Start of Dataset content

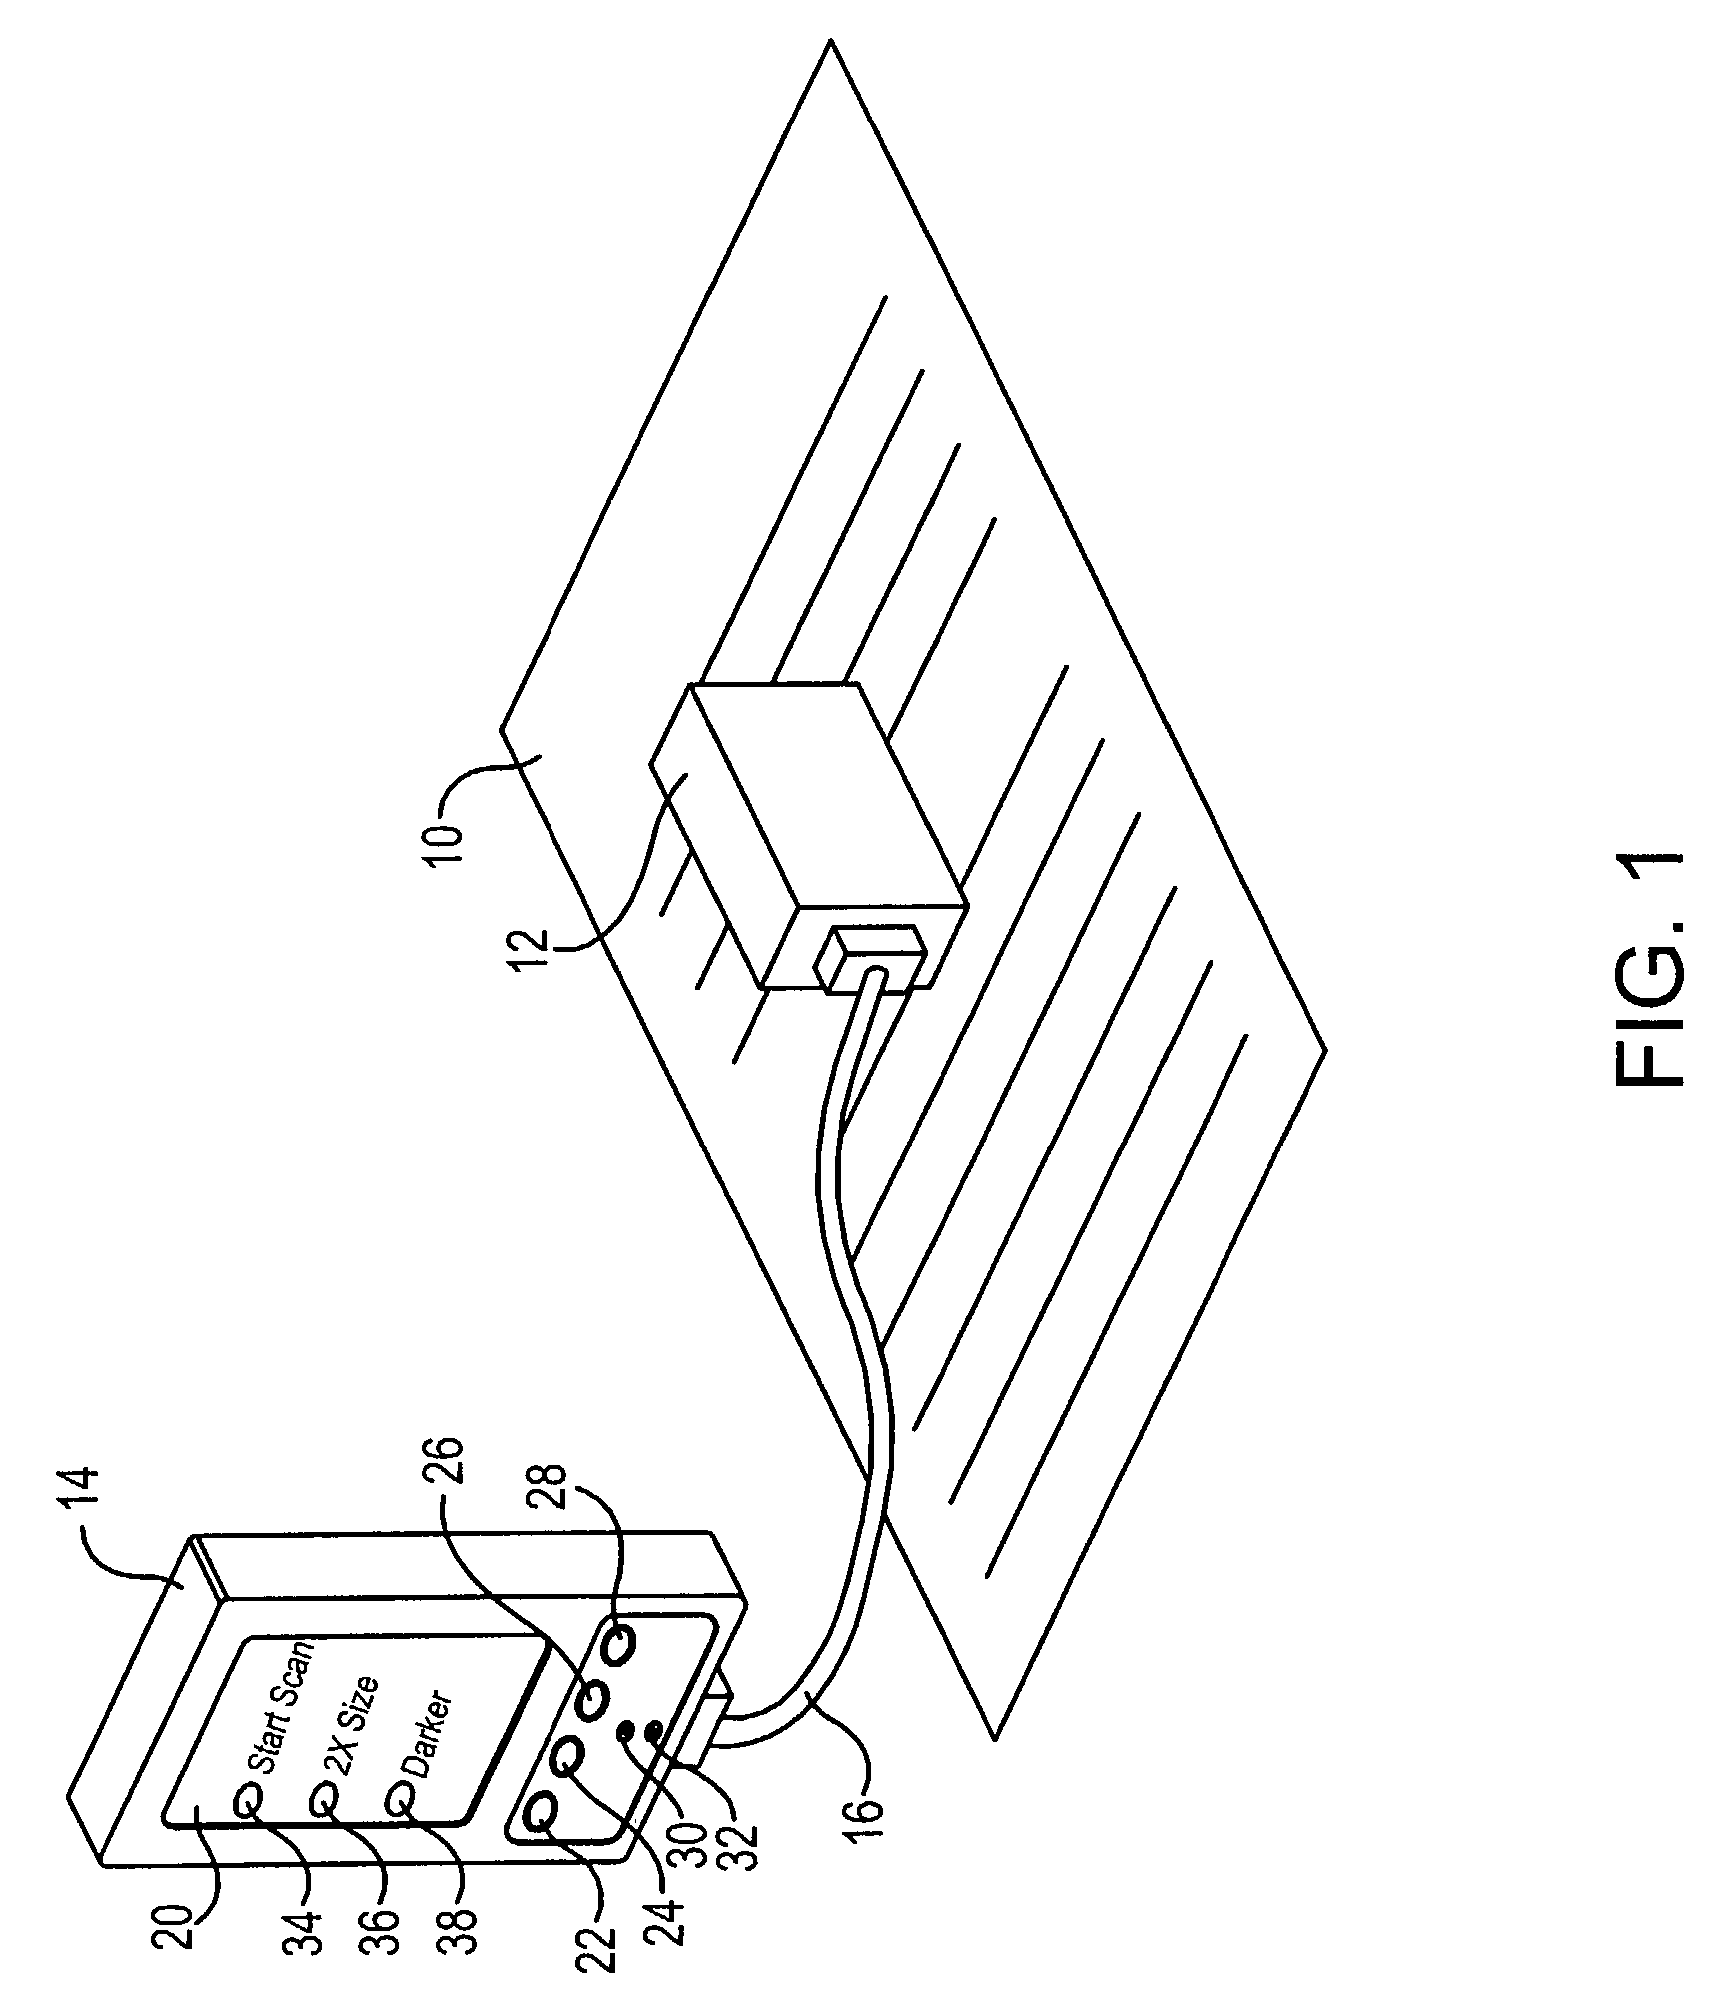 Portable document scan accessory for use with a wireless handheld communications device
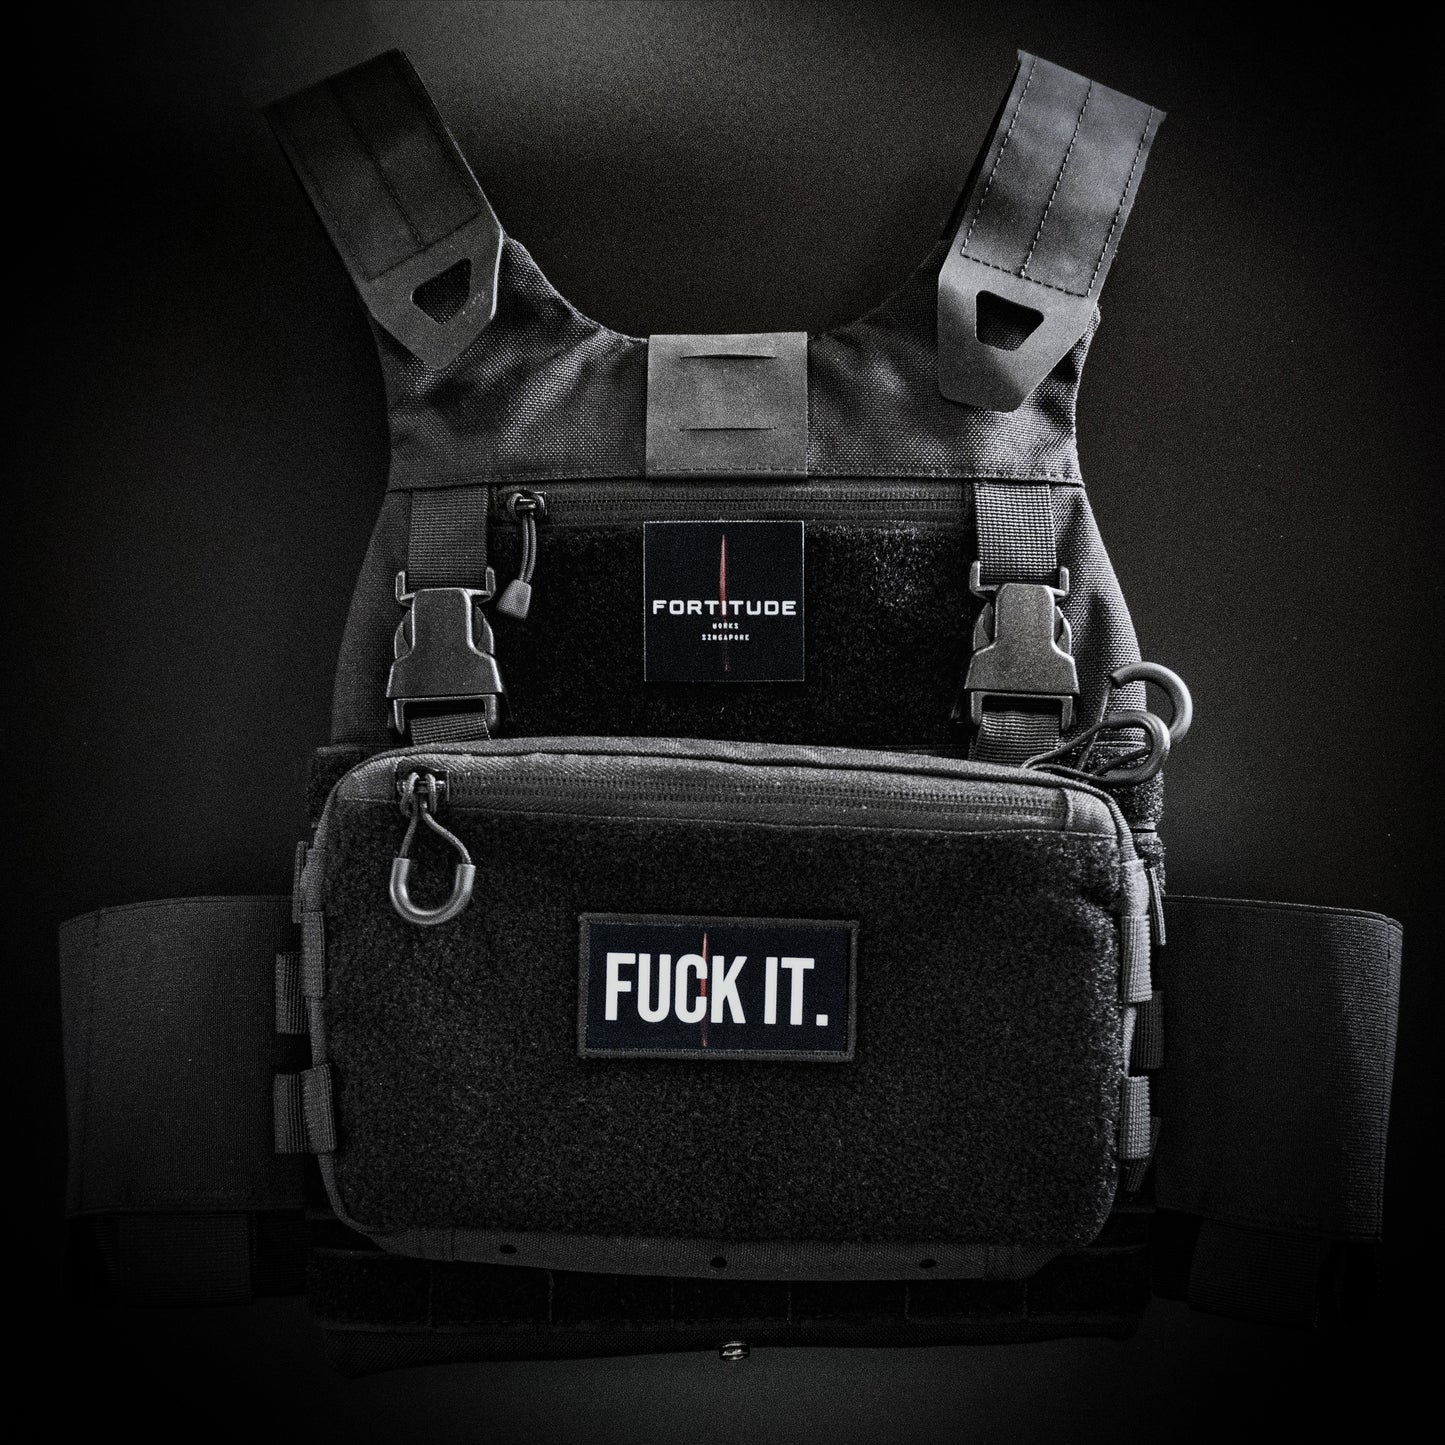 FUCK IT. - FORTITUDE WORKS SINGAPORE
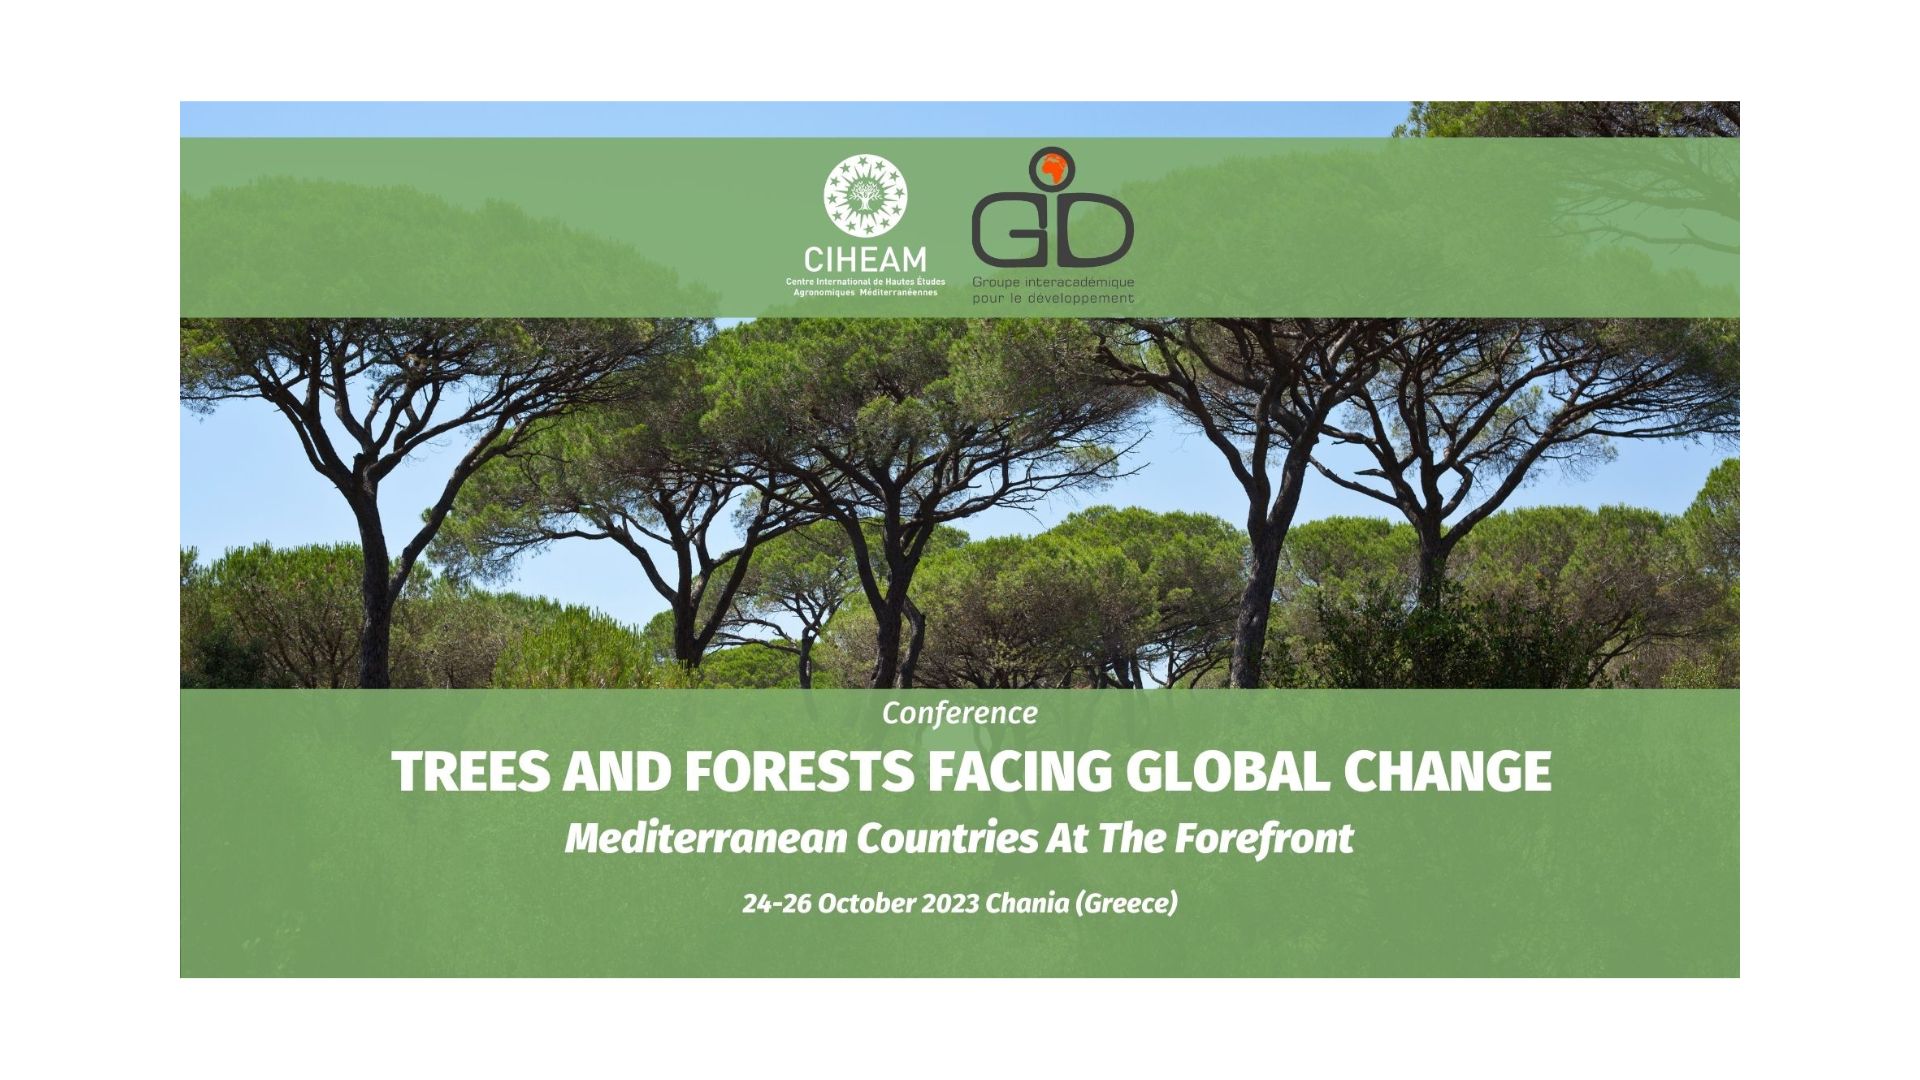 Trees and forests facing global change: Mediterranean Countries At The Forefront

End of Dataset content

_Brief_: Each line above is to be duplicated exactly, and the pictures are to be omitted.

_Output for this exercise_:
 Portable document scan accessory for use with a wireless handheld communications device
 FUCK IT. - FORTITUDE WORKS SINGAPORE
 Trees and forests facing global change: Mediterranean Countries At The Forefront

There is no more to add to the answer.